Also, if you're basing your "sources" off CNN, HuffPo, then you'll never find anything on this matter. Those types of media outlets will never report it.


----------



## chibibunnyx

To everyone that's just as offended as I am over some of these comments, just ignore them. If you are someone that goes down in the list of everything that trump is against, I'm sorry this is the sad world we live in but you have way more value, we all do so there is no need to feel overpowered. Don't read into the trolls that just feel cool cause they have a keyboard to type on and no one is in their face. 

Let it go, it's obvious that these people are going to give every single excuse and reason to promote a racist, sexist, bigot as our president. The ones that know this isn't okay, I salute you. The ones that think this is okay and we should just get over it, educate yourselves, be more tolerant and understanding to others, and quit thinking the protests are over nothing, they are definitely over something, over a lot actually.

This man becomes president and now all of the sudden everyone feels the need to promote what he stands for and tell everyone else to get over it.. cool. Might as well send us all back to the 1950's while you're at it.


----------



## seliph

Soda Fox said:


> I'm on my phone at work so I can't like at the moment. The Daily Caller and YouTube have videos of Trump supporters being attacked. I'll be happy to link them when I get home.
> 
> And as a person with deep depression and suicidal tendencies, while I agree it's something people do when backed in a corner, it's still the individuals choice to commit the act. I wouldn't blame anyone but myself if I did go through with it.



Depression among with other mental illnesses make people act irrationally, as in not how they would normally behave. In a non-driven situation (as in they haven't been bullied or abused or any other outside factors) suicide is no one's fault because it is caused by a _sickness_. It's honestly kind of sad that you feel that way about yourself but don't blame others for being pushed by other people to feel the need to take their own lives.


----------



## Celestefey

In all seriousness I'm tired of seeing people constantly guilt tripping others for not voting for Hillary Clinton. Guilt-tripping other people if they choose to vote third party and saying that they are essentially voting for Trump if they vote third-party. It's so ****ing messed up, the US governmental system is a complete mess and it's so twisted that you practically have to pick between two sides when you want to vote, if you vote third party it's like you turn into some devil who just can't make up their minds or you're TECHNICALLY VOTING FOR THE OTHER CANDIDATE. It shouldn't be that way. Hillary and Trump were both absolutely horrendous candidates, and I would have preferred Hillary over Trump but even so they were both awful, so I can't blame some people for choosing to vote third party - either way whoever you end up with it's going to be ****ty. I just hate seeing on social media (and Tumblr in particular) people guilt-tripping third party voters because they didn't vote for Hillary. Okay, Trump's president now, whether we like it or not, and you have to accept that fact. But why are you complaining about third party voters who didn't vote for Hillary? Why don't you complain about actual Trump supporters and people who voted for him instead? They are technically the real problem.


----------



## Jacob

chibibunnyx said:


> of course it doesn't make the racist, sexists, etc... it just means they promoted a racist, sexist, etc to run our country. In my eyes, it's the same deal, but to separate the two, there you go, smh.

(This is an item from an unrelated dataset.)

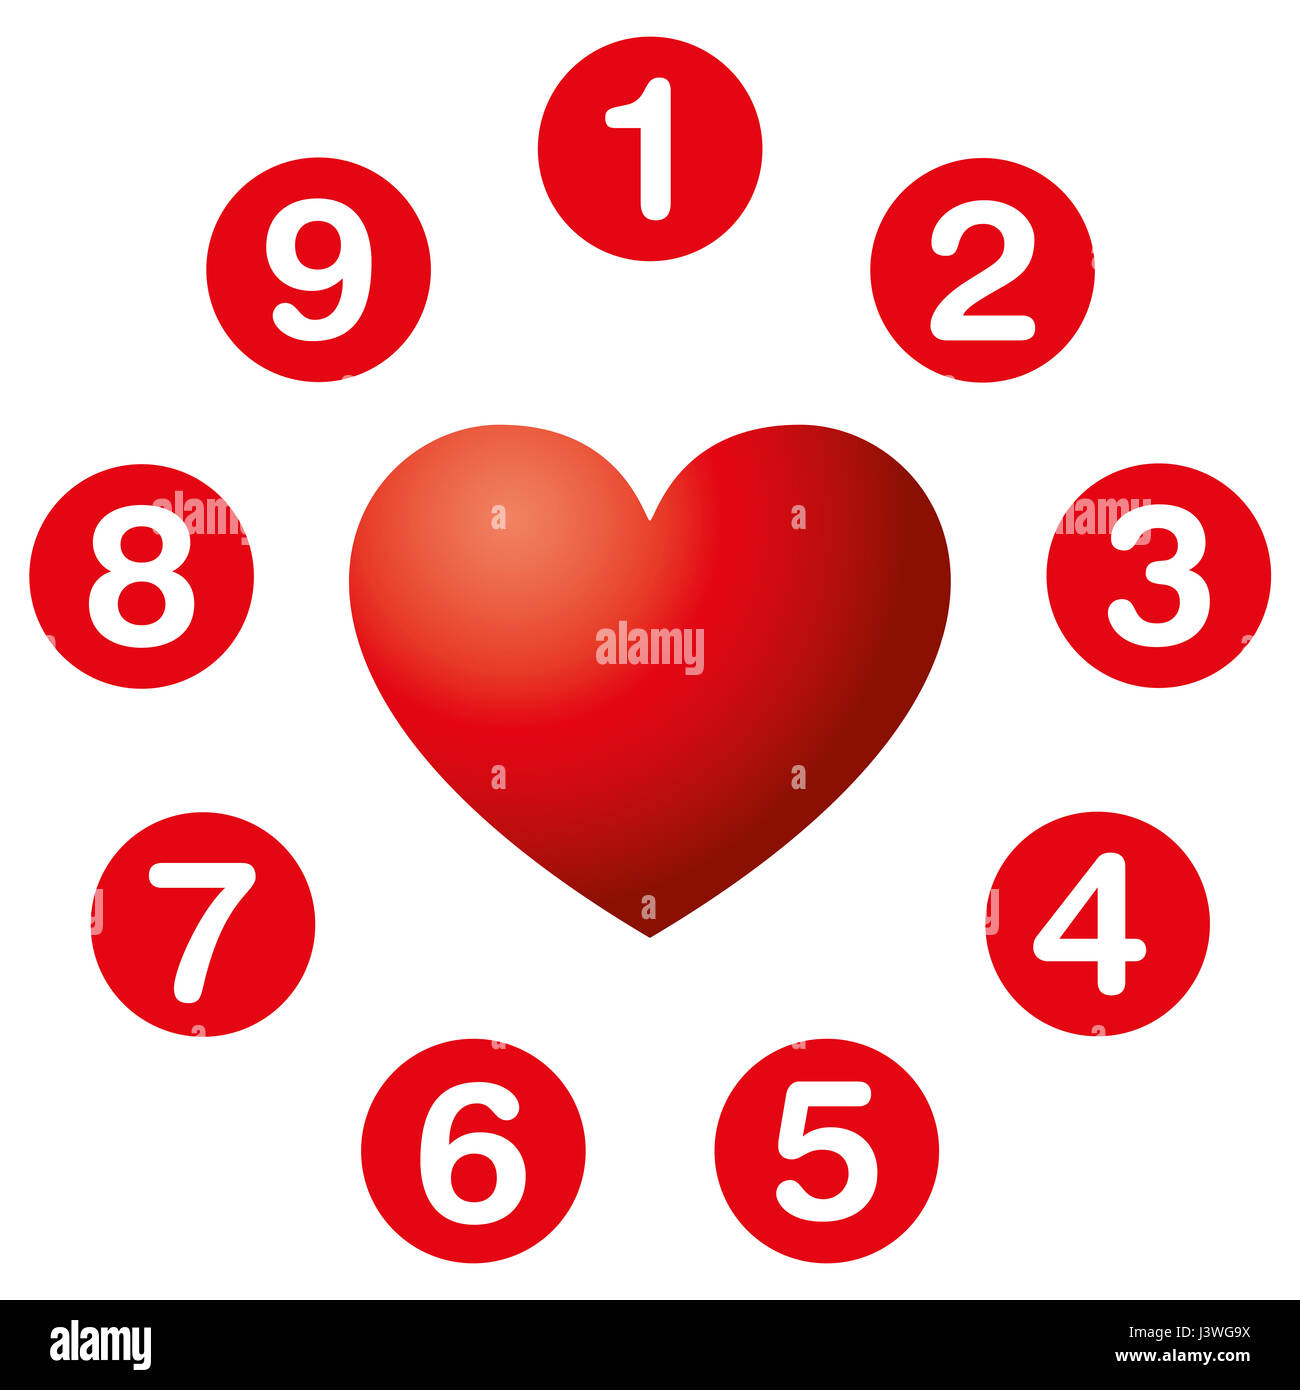 Deseos del corazón números circle. La Numerología. Alma instar a números en círculos rojos alrededor de un símbolo de corazón. Los números revelan lo que queremos más, lo que nosotros drive Foto de stock
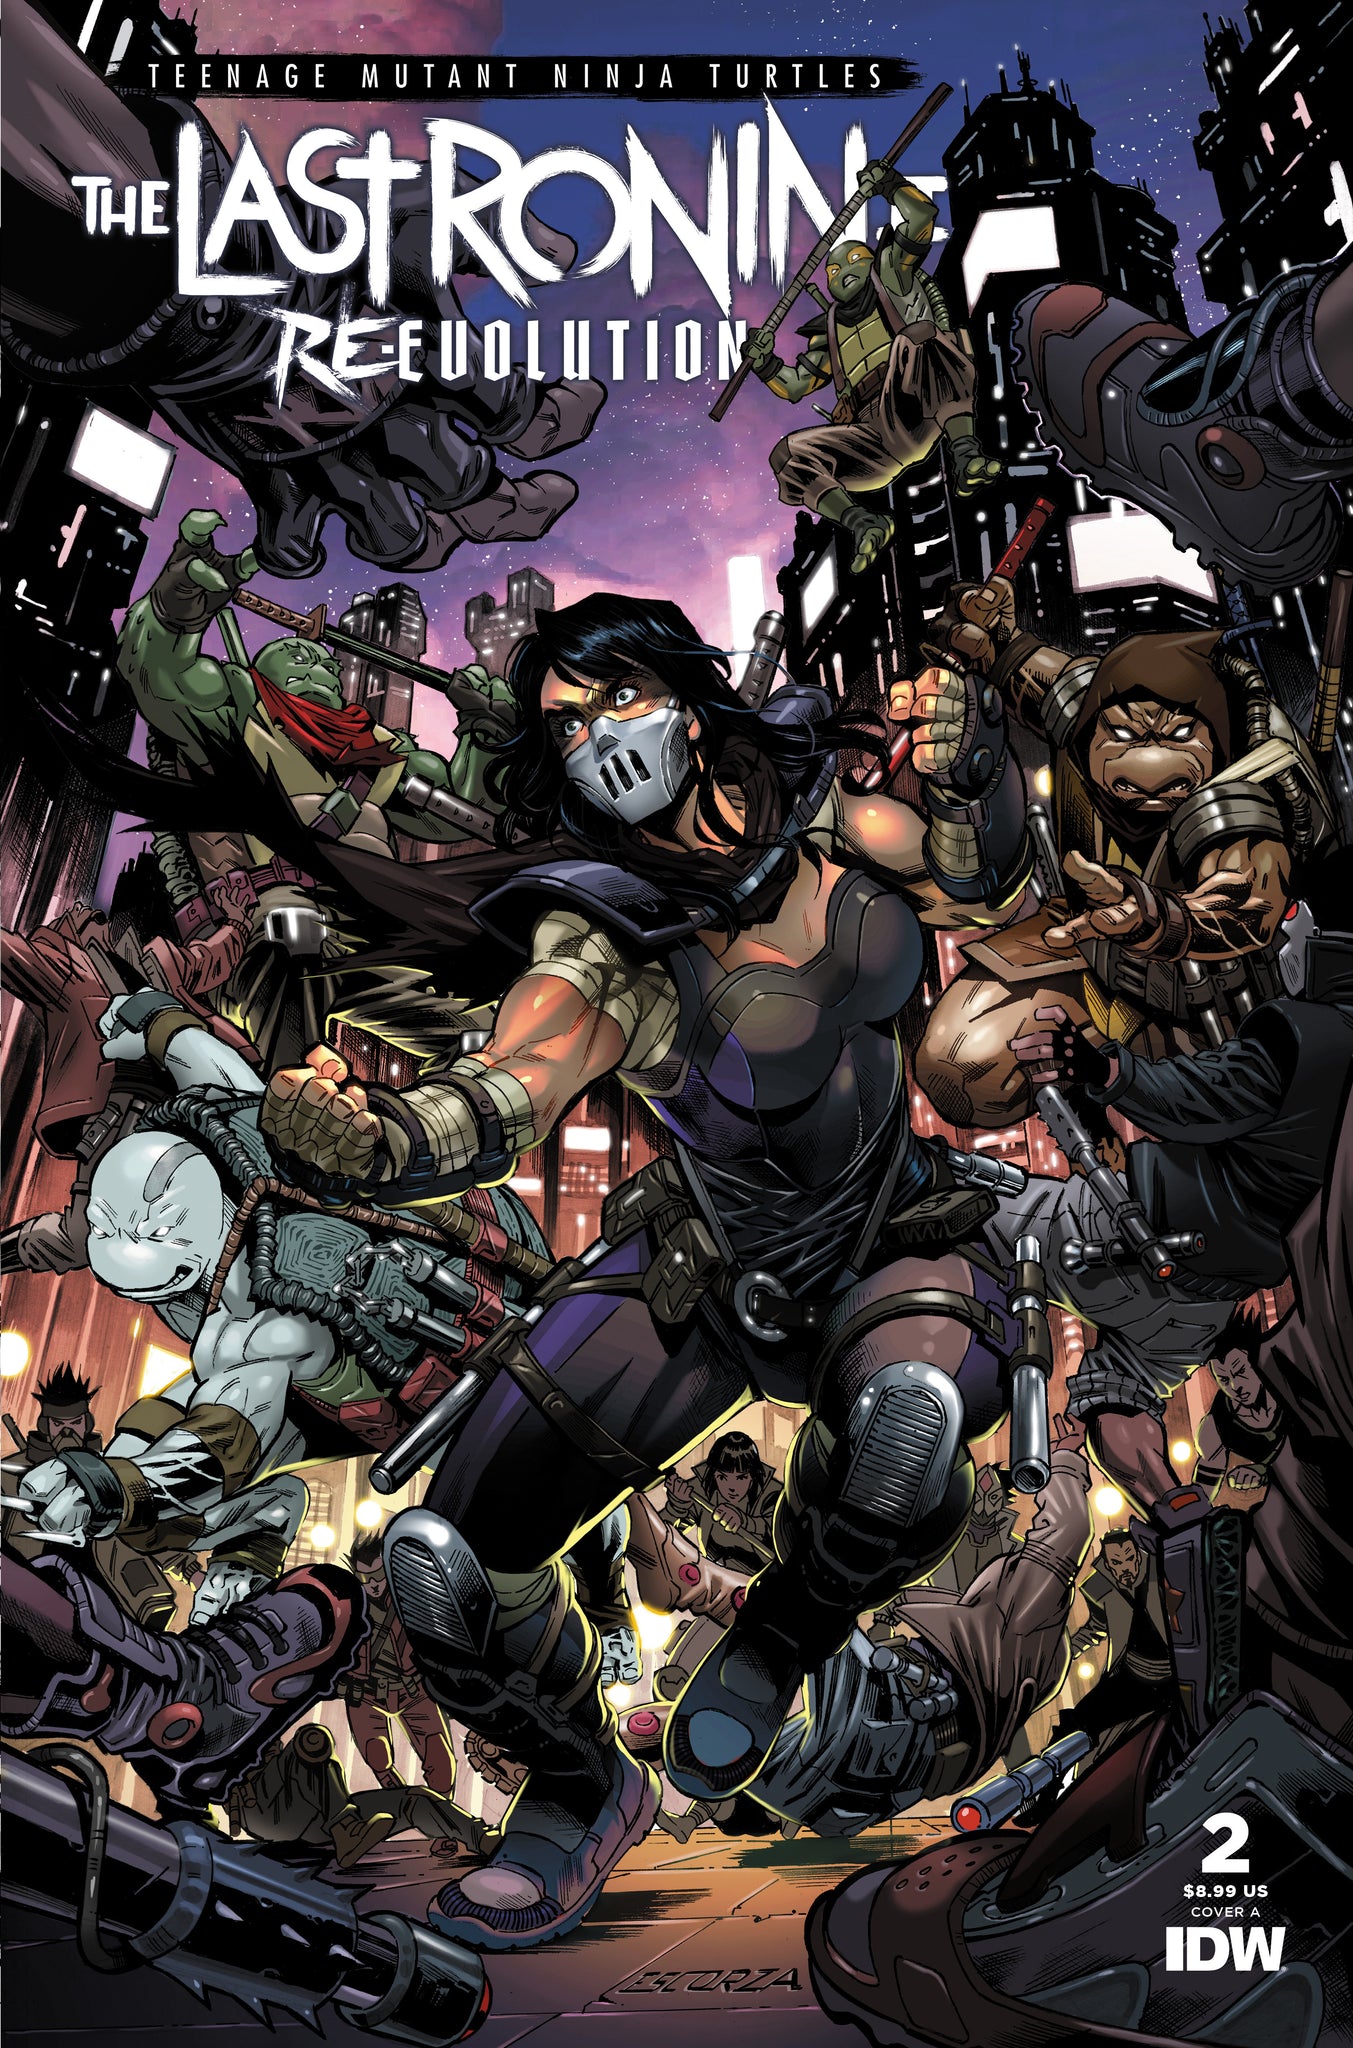 Teenage Mutant Ninja Turtles: The Last Ronin II--Re-Evolution #2

I get where you're coming from. However Republicans had no choice, its just unfair to expect one to vote against what is best for them because their presidental candidate hurt someone elses feelings.
I hope you are at least compassionate enough to understand it in that reguard.


----------



## Bowie

Karen said:


> So you would willingly attack Trump supporters?
> 
> Edit: perhaps there is a confusion. I said that she's paying for people to incite violence at Trump rallies. So if you're implying that you're willing to do that, for free, then please...



Confusion, yes. I meant I'd be out there _peacefully_ protesting if I was in America right now.


----------



## Cory

chibibunnyx said:


> To everyone that's just as offended as I am over some of these comments, just ignore them. If you are someone that goes down in the list of everything that trump is against, I'm sorry this is the sad world we live in but you have way more value, we all do so there is no need to feel overpowered. Don't read into the trolls that just feel cool cause they have a keyboard to type on and no one is in their face.
> 
> Let it go, it's obvious that these people are going to give every single excuse and reason to promote a racist, sexist, bigot as our president. The ones that know this isn't okay, I salute you. The ones that think this is okay and we should just get over it, educate yourselves, be more tolerant and understanding to others, and quit thinking the protests are over nothing, they are definitely over something, over a lot actually.
> 
> This man becomes president and now all of the sudden everyone feels the need to promote what he stands for and tell everyone else to get over it.. cool. Might as well send us all back to the 1950's while you're at it.



remember when people protested obamas victory in 2008?
they were by civilized people on the right
this is crazy leftism at its finest


----------



## seliph

Celestefey said:


> In all seriousness I'm tired of seeing people constantly guilt tripping others for not voting for Hillary Clinton. Guilt-tripping other people if they choose to vote third party and saying that they are essentially voting for Trump if they vote third-party. It's so ****ing messed up, the US governmental system is a complete mess and it's so twisted that you practically have to pick between two sides when you want to vote, if you vote third party it's like you turn into some devil who just can't make up their minds or you're TECHNICALLY VOTING FOR THE OTHER CANDIDATE. It shouldn't be that way. Hillary and Trump were both absolutely horrendous candidates, and I would have preferred Hillary over Trump but even so they were both awful, so I can't blame some people for choosing to vote third party - either way whoever you end up with it's going to be ****ty. I just hate seeing on social media (and Tumblr in particular) people guilt-tripping third party voters because they didn't vote for Hillary. Okay, Trump's president now, whether we like it or not, and you have to accept that fact. But why are you complaining about third party voters who didn't vote for Hillary? Why don't you complain about actual Trump supporters and people who voted for him instead? They are technically the real problem.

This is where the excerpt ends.